Time was short for Jesus; soon He would have to give the supreme example of confidence and trust under the pressure of mortal torment and soul-destroying abandonment saying:

            Father, into Your hands I commend my Spirit.

The time was coming too when these disciples so close to His Heart would have to follow where their Lord had gone, and therefore it was imperative that they should start to learn the lesson that would prepare them to overcome the world with Him.

This is in accordance with what St. Paul had in mind when, in our second reading, he wrote to the Corinthians:

If anyone is in Christ, he is a new creation; the old has passed away; behold, the new has come.  

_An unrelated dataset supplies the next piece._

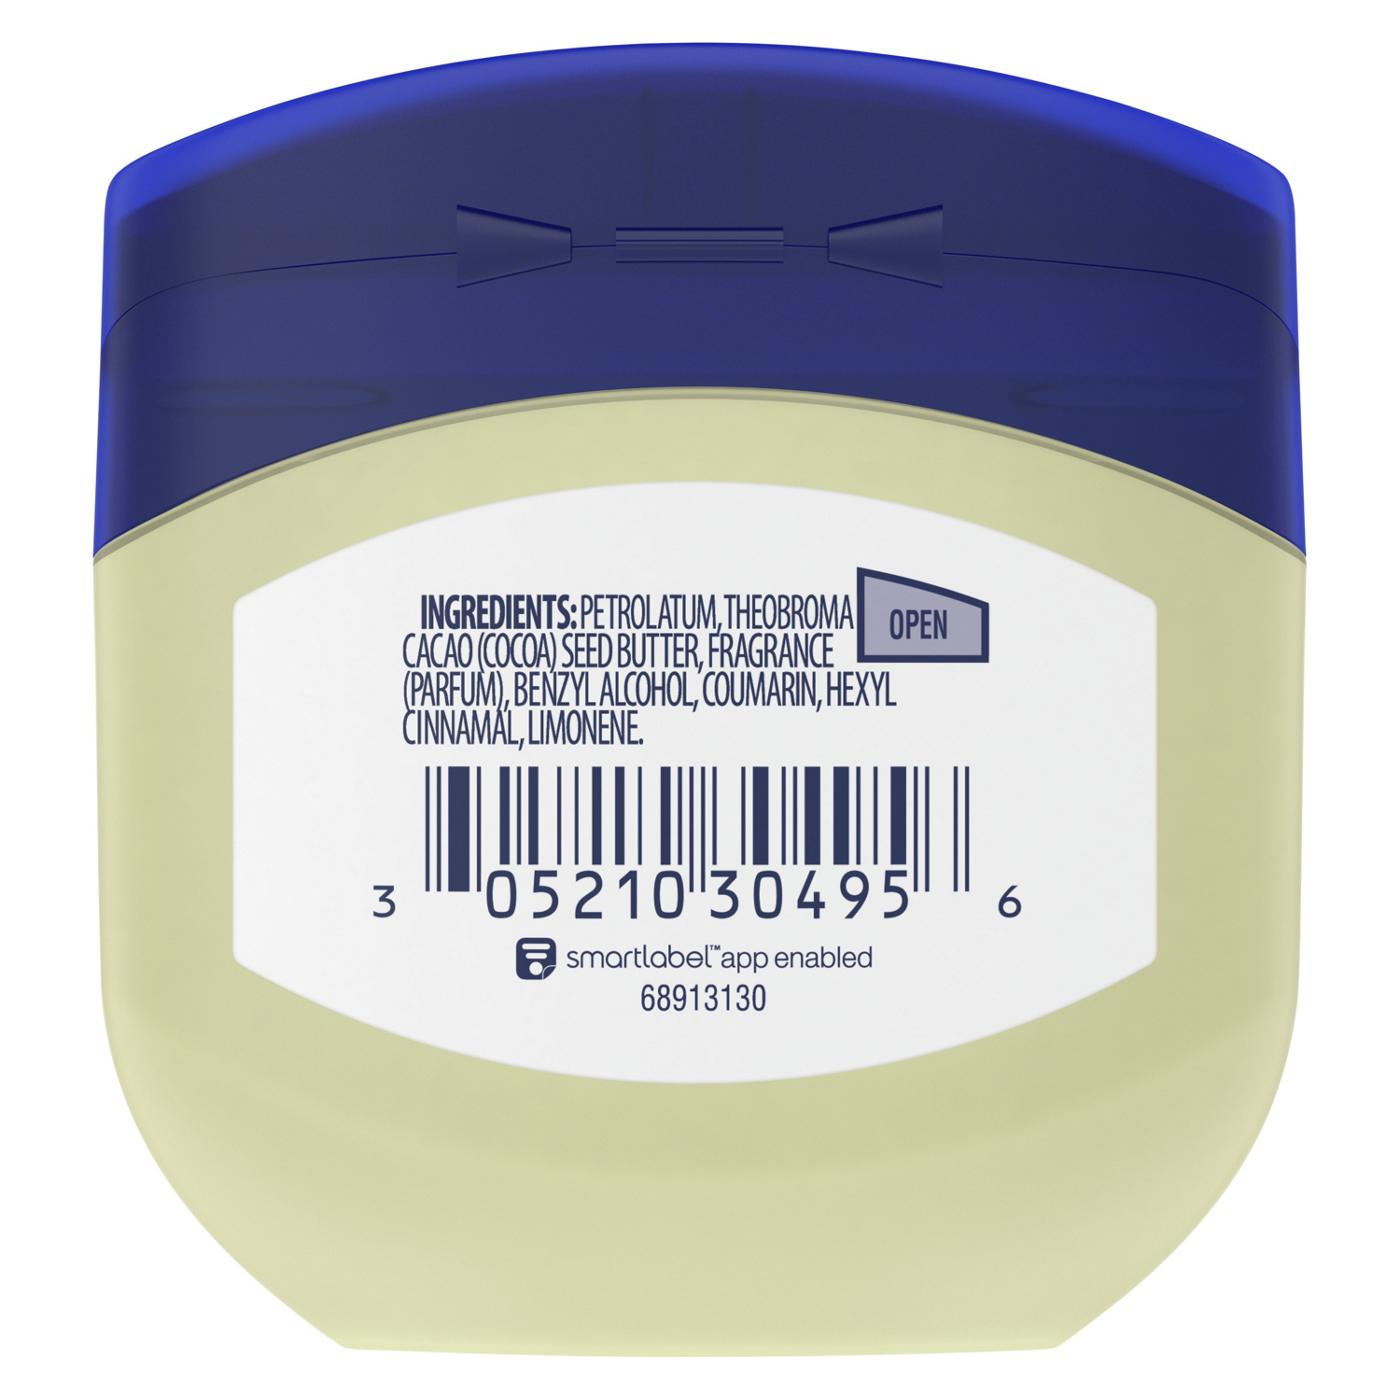 Vaseline Cocoa Butter Petroleum Jelly; image 6 of 6

Dear People of God, Jesus wills to be our strength and our peace, that strength and peace which alone can enable us to find the true joy of life; and for that to happen we have to turn to Him in all our needs and with all our aspirations and hopes.  However, we must be found using not merely conventional words nor adopting non-committal, provisional, attitudes, but with deep personal sincerity and self-commitment based on divine promises not human expectations:

For the love of Christ controls us; He died for all, that those who live might live no longer for themselves, but for Him who, for their sake, died and was raised.

We must try to live no longer for ourselves, following our own ideas, seeking our own satisfactions, trusting and serving number one; we must endeavour, more and more, to put Jesus first in our lives: trusting and hoping in Him, following and serving Him in all that we try to do (Psalm 27:14):

Wait for the Lord; be strong, and let your heart take courage; wait for the Lord!